Insurers are finding fresh opportunities in the technology sector, whether it’s providing coverage for data centres or supporting emerging technologies like small-scale nuclear reactors that power them.

“I see it as an opportunity to continue to be the rock [and] the foundation, as the insurance industry for all these developments, and to cope with the tensions that we see in the world,” Lot added.

Through the insureds’ eyes

To tackle the challenges, insurers need to see how uncertainty affects their clients’ confidence. “Wherever there is complexity, [there] is opportunity. We should be able to bring certainty to our customers and partners,” said Robert Kosova, chief executive officer at QBE Asia.

Asian SMEs spend half as much on insurance as those in more developed markets, according to Kosova. “Where there are cost pressures, it likely means that the protection gap is going to grow because there’s less available money to spend. If there’s further constraint on that, the protection gap will just grow,” he said.

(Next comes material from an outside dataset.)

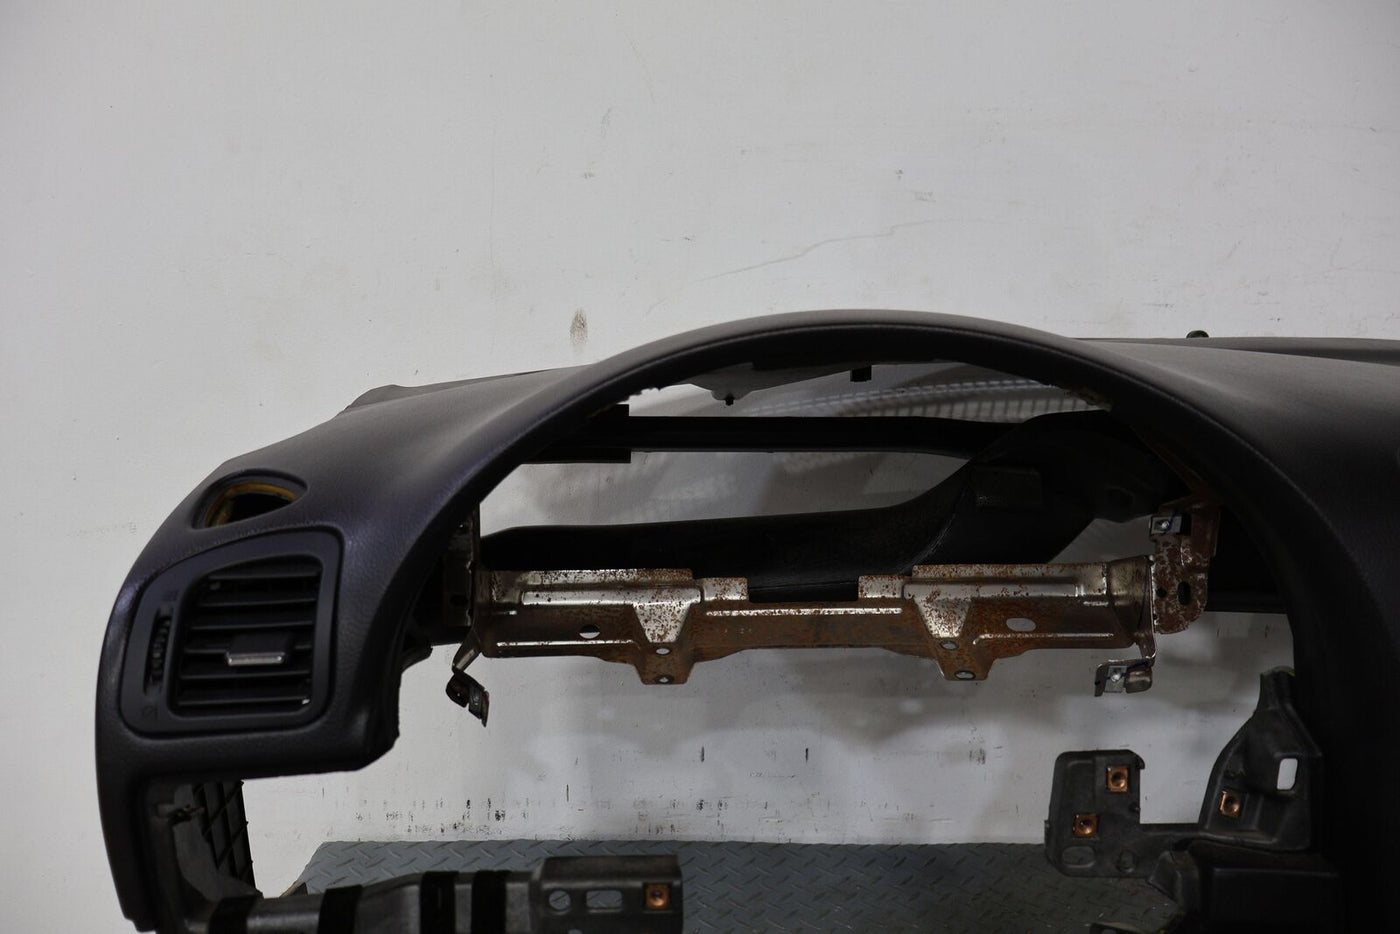 02-05 Ford Thunderbird OEM Bare Interior Dash Dashboard (Black BW) Mild Wear

Asian companies going global will need help navigating political complexities, Collar explained. While established Asian multinationals embrace comprehensive global risk and benefit plans, others still take a more local approach to risk management.

“That whole global risk management framework is still quite foreign to a number of companies,” said Collar. “It’s still an education process, which means that we still have a job to do.”

Getting clients – particularly small and medium businesses – to look past price and focus on practical solutions will be important moving forward. “We have a very big role to play in terms of supporting their growth,” added Collar.

Reinsurers are not new to geoeconomic fragmentation, Gianfranco Lot pointed out. “We are able to absorb losses and accompany and support transitions that we’ve seen today,” he said.

To remain resilient and relevant, Asian insurers must align their products with the insureds’ mindset, said Kosova. “Asia has one of the greatest digital fluency capabilities anywhere in the globe. You’ve got a proliferation of digital-only banks. [Digital] has to be part of [the solution] to address the protection gap,” he explained.

“We have to ask ourselves, ‘Why is the protection gap not closing?’ And it probably has to do with us hoping to keep pushing traditional distribution methods on a differently minded set of customers,” Kosova added.